He laughed again. "Well look, it's
good to have you here," he said, sitting back down behind his desk. "Hang
out for a month, come to a few meetings, see how you like it. If it works out,
great, if not, no big deal." Rather ominously, there was no mention of
the fact that Si Newhouse, the owner of Condé Nast, wanted to meet me
something Graydon had mentioned when we'd last spoken. Still, this didn't
seem like the right time to bring it up.
"Listen, thank you very much for giving me this opportunity,"
I said, trying to sound sincere. "I really, really appreciate it. I can't
think of anywhere I'd rather be."
Graydon narrowed his eyes at me.
"You think you've arrived, doncha?"
he said. "I hate to break it to you but you're only in the first room."

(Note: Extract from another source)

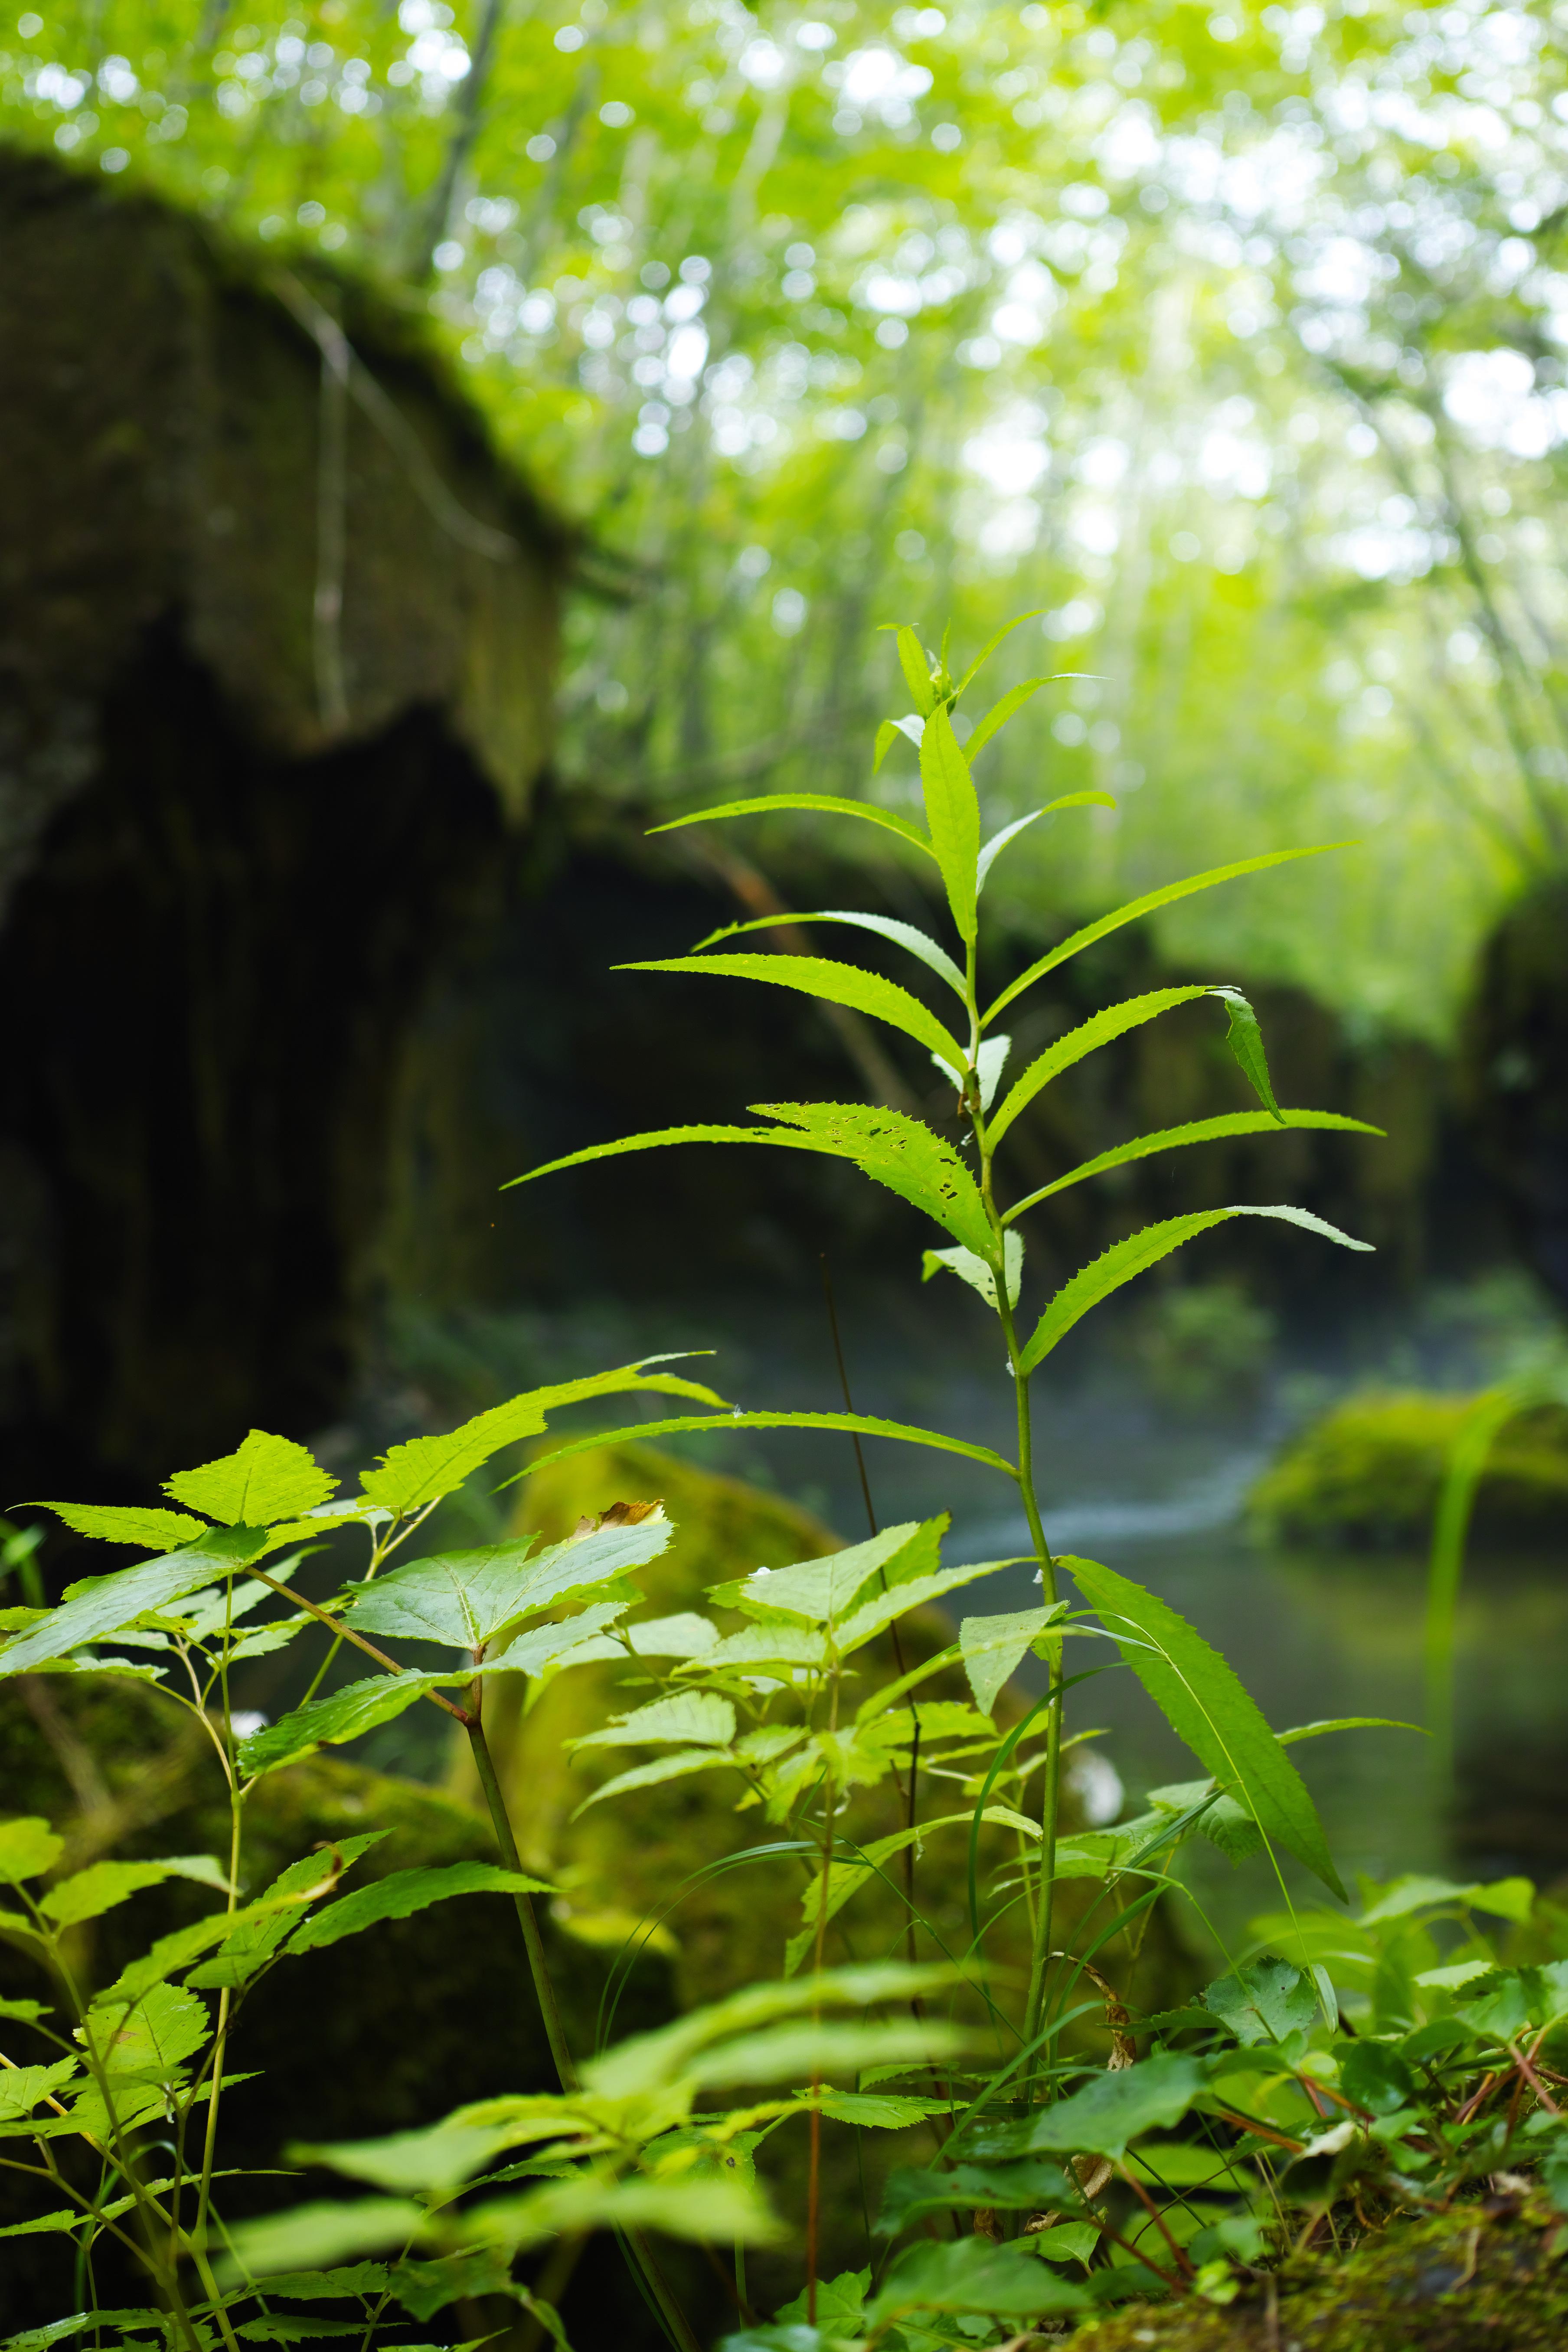 沢床の岩に生える草葉に近づき絞りF2.8開放で撮影。手前の葉と奥の岩場のボケ方がとても自然。ISO100 / F2.8 / 1/60秒

He paused. "It's not nothing don't get me wrong but it's
not that great either. Believe me, there are plenty of people in this town who
got to the first room and then didn't get any further. After a year or so, maybe
longer, you'll discover a secret doorway at the back of the first room that
leads to the second room. In time, if you're lucky, you'll discover a doorway
in the back of the second room that leads to the third. There are seven rooms
in total and you're in the first. Doncha forget it."
This, I later discovered, was Graydon's
"seven rooms" speech, a pep talk he gives to all new recruits. It's
the nightclub theory of career advancement. I was the wannabe in Studio 54 who'd
somehow managed to get past Steve Rubell at the door but was a long way from
snorting coke off Margaret Trudeau's cleavage in the VIP room.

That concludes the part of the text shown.